◆ Prompt:
Nothing but the lines from the one showing "Brushstroke (M320-3) - Split-Complementary" through the final line of the data below belongs in the answer, duplicated exactly and without pictures.

◆ Collected data:

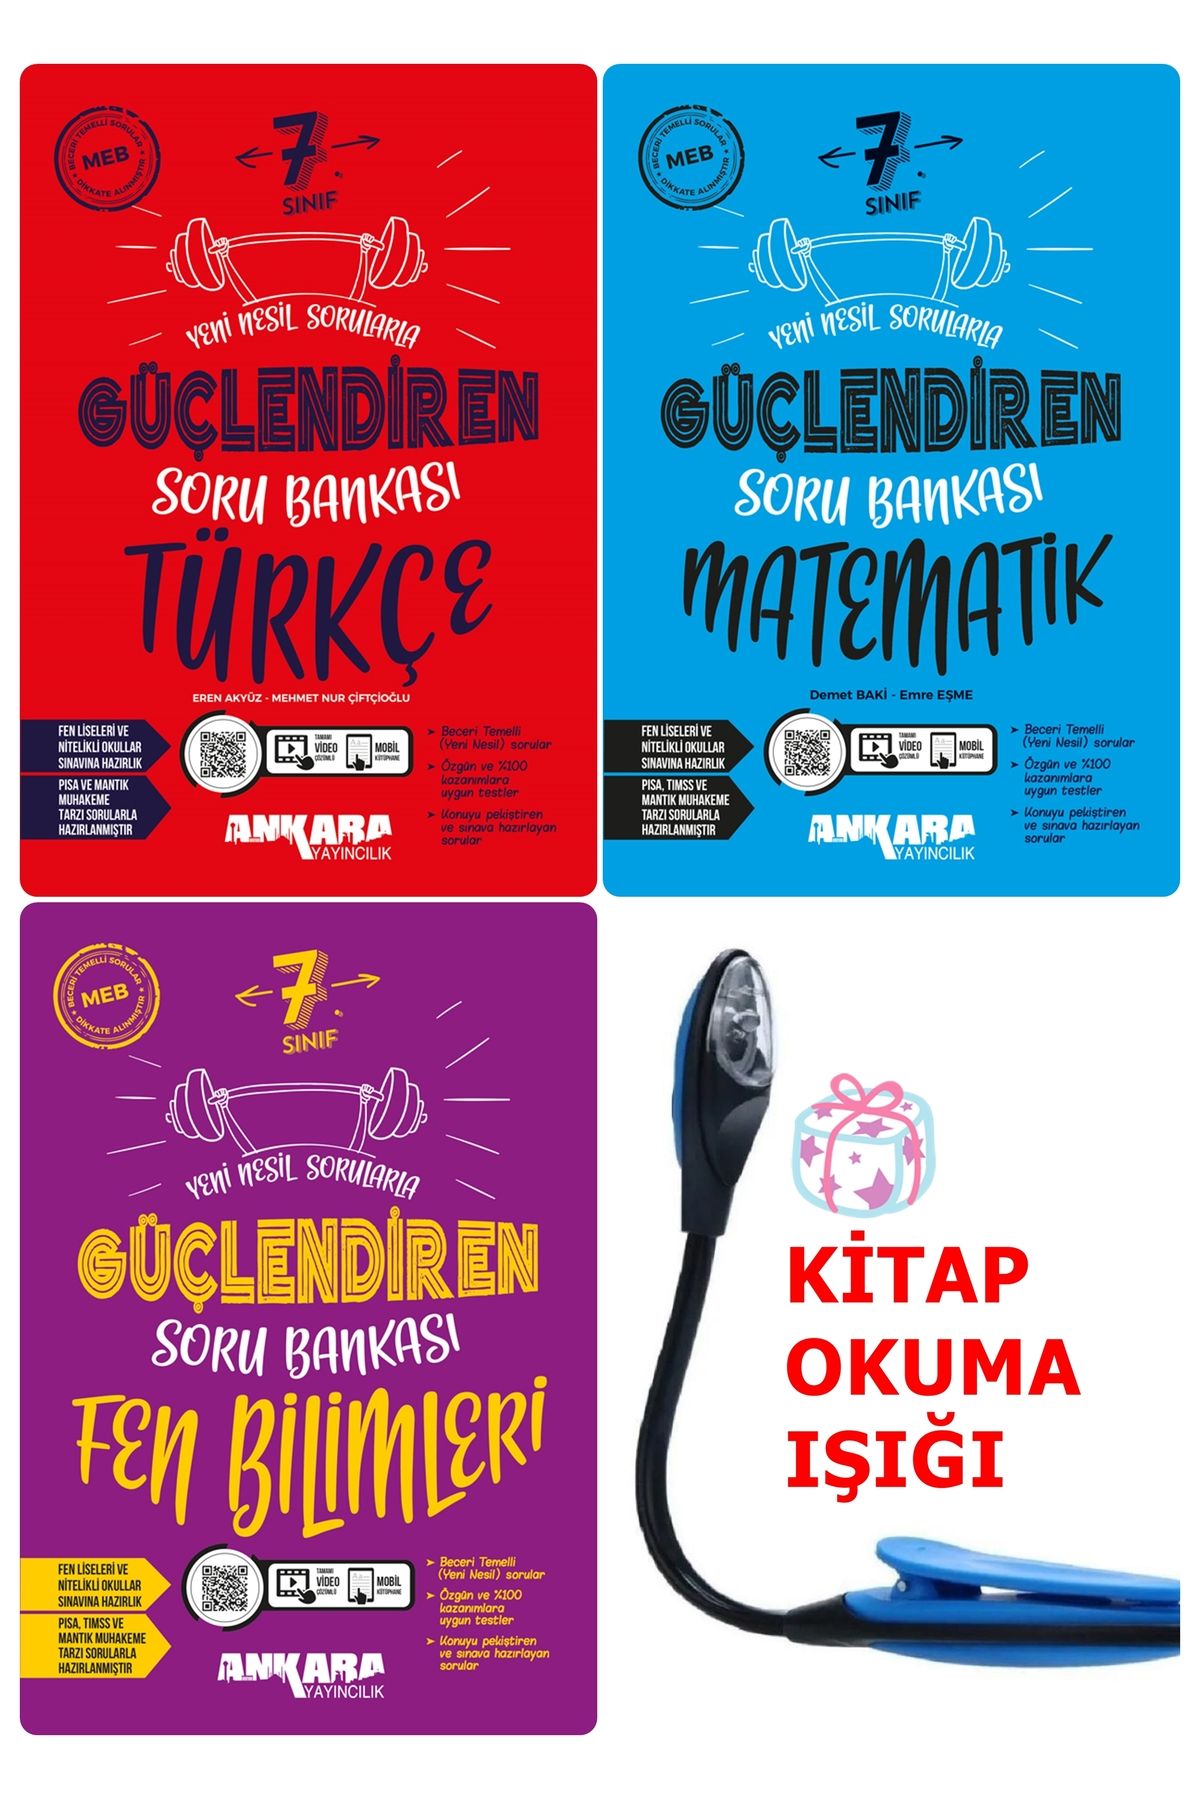 Ankara Yayıncılık 7 Sınıf Türkçe-Matematik-Fen Güçlendiren Soru Bankası Set + Kitap Okuma Işığı Hediye
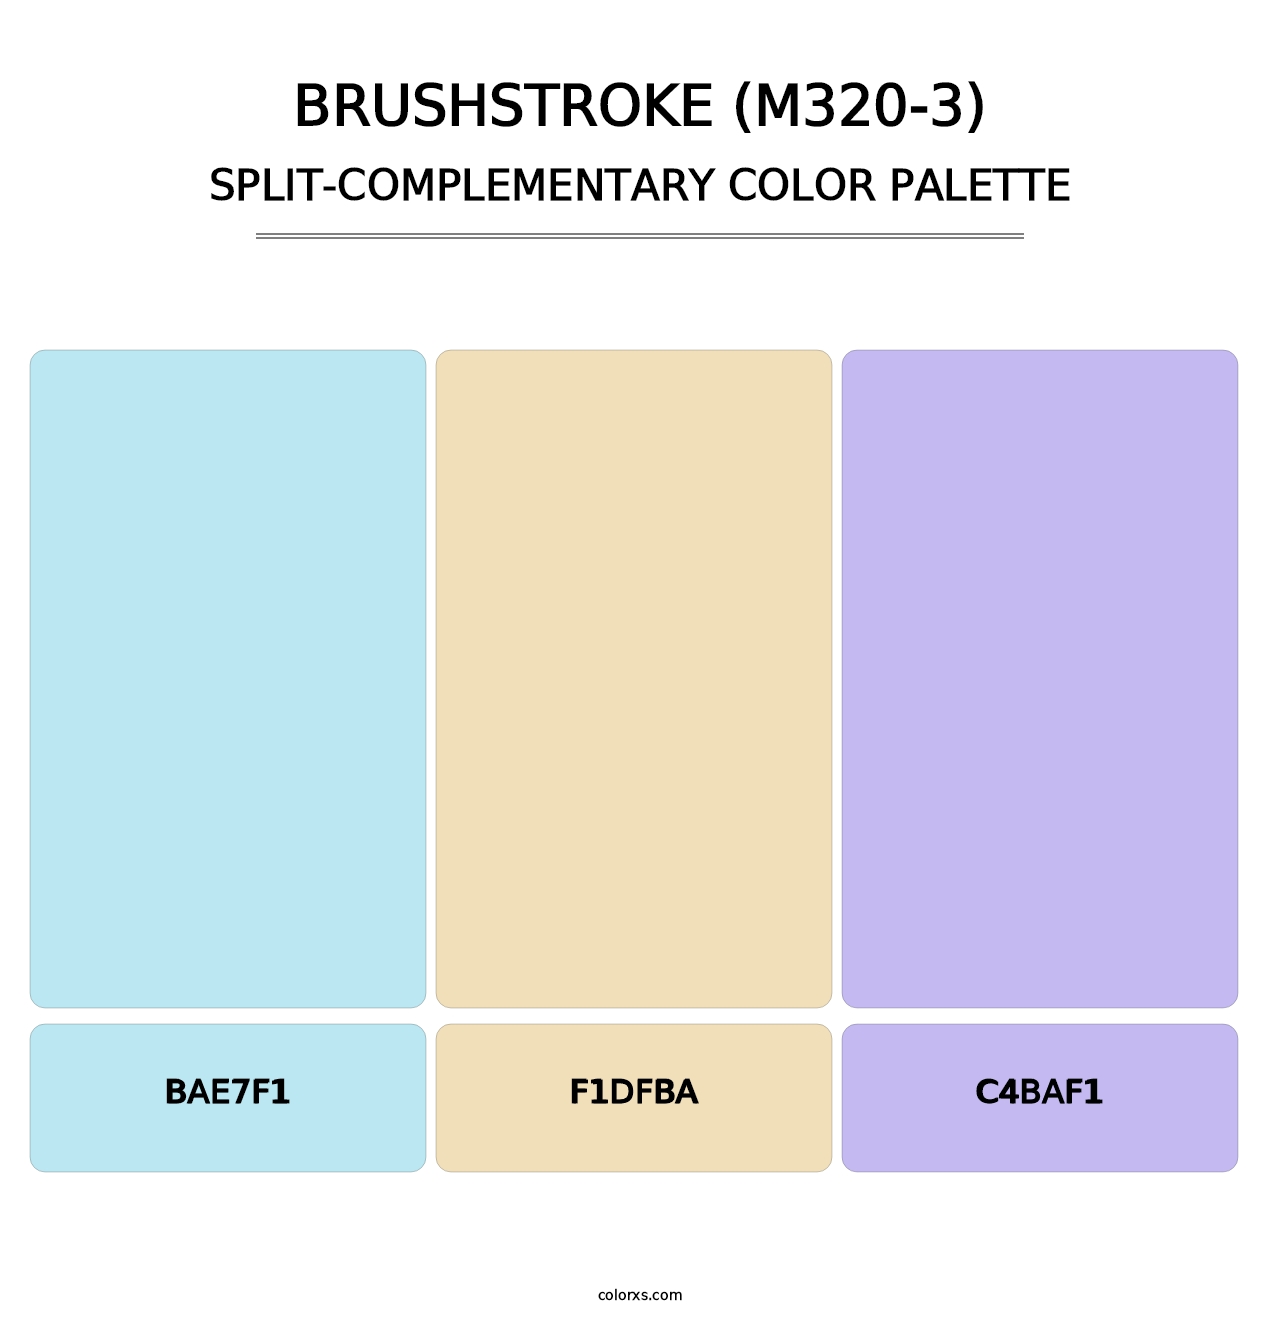 Brushstroke (M320-3) - Split-Complementary Color Palette
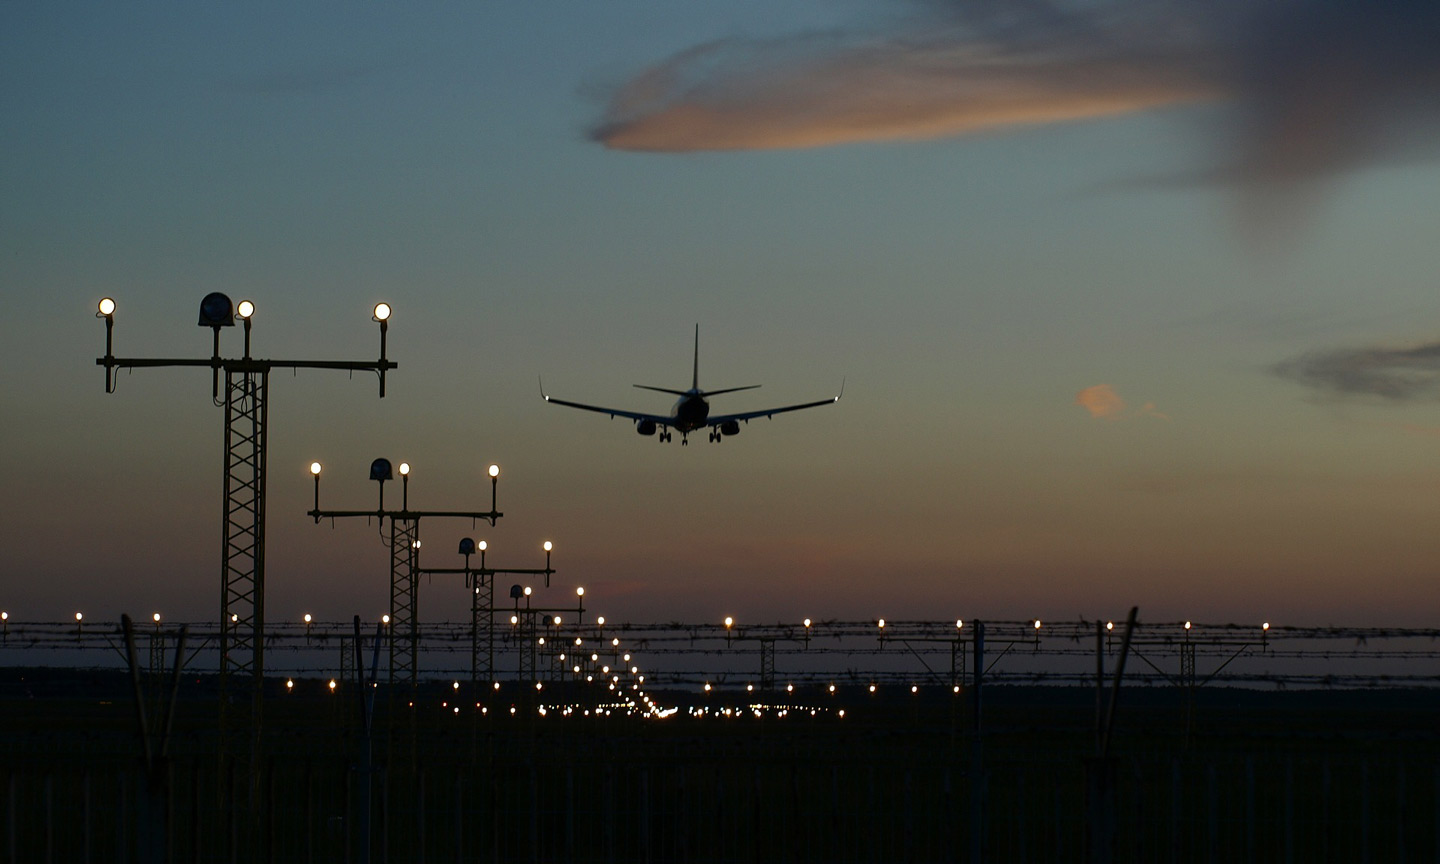 Plane landing at airport at night
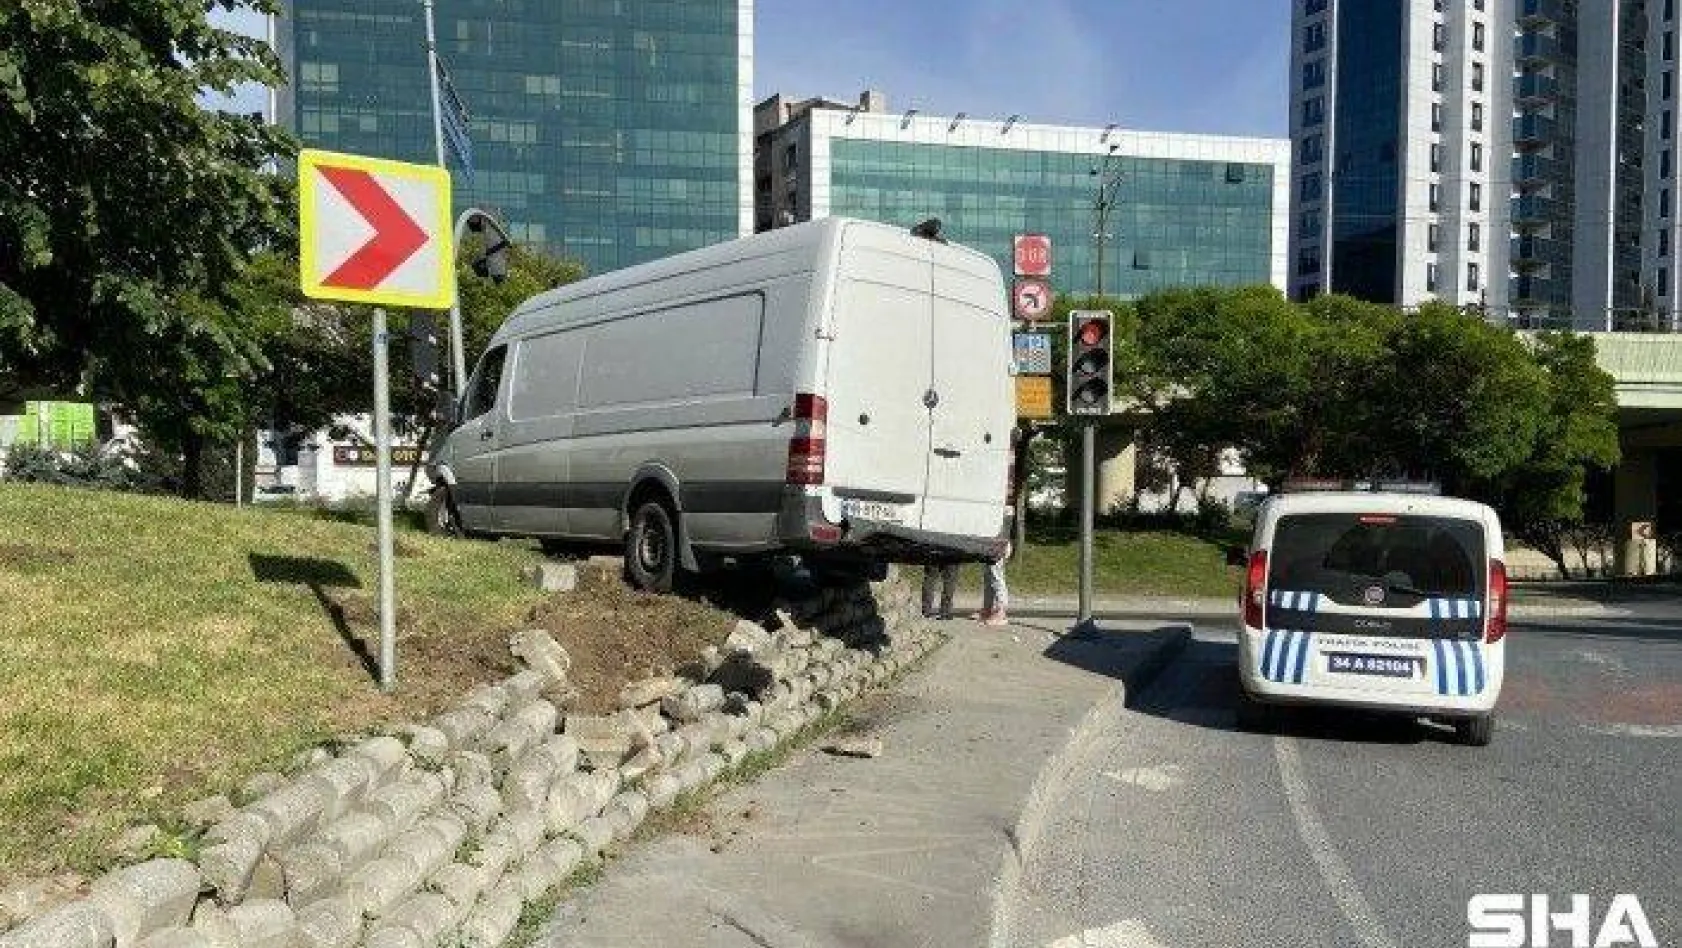 (ÖZEL) Zeytinburnu'nda akıllara durgunluk veren kaza

◆ Expected answer:
 Brushstroke (M320-3) - Split-Complementary Color Palette
 Plane landing at airport at night
 (ÖZEL) Zeytinburnu'nda akıllara durgunluk veren kaza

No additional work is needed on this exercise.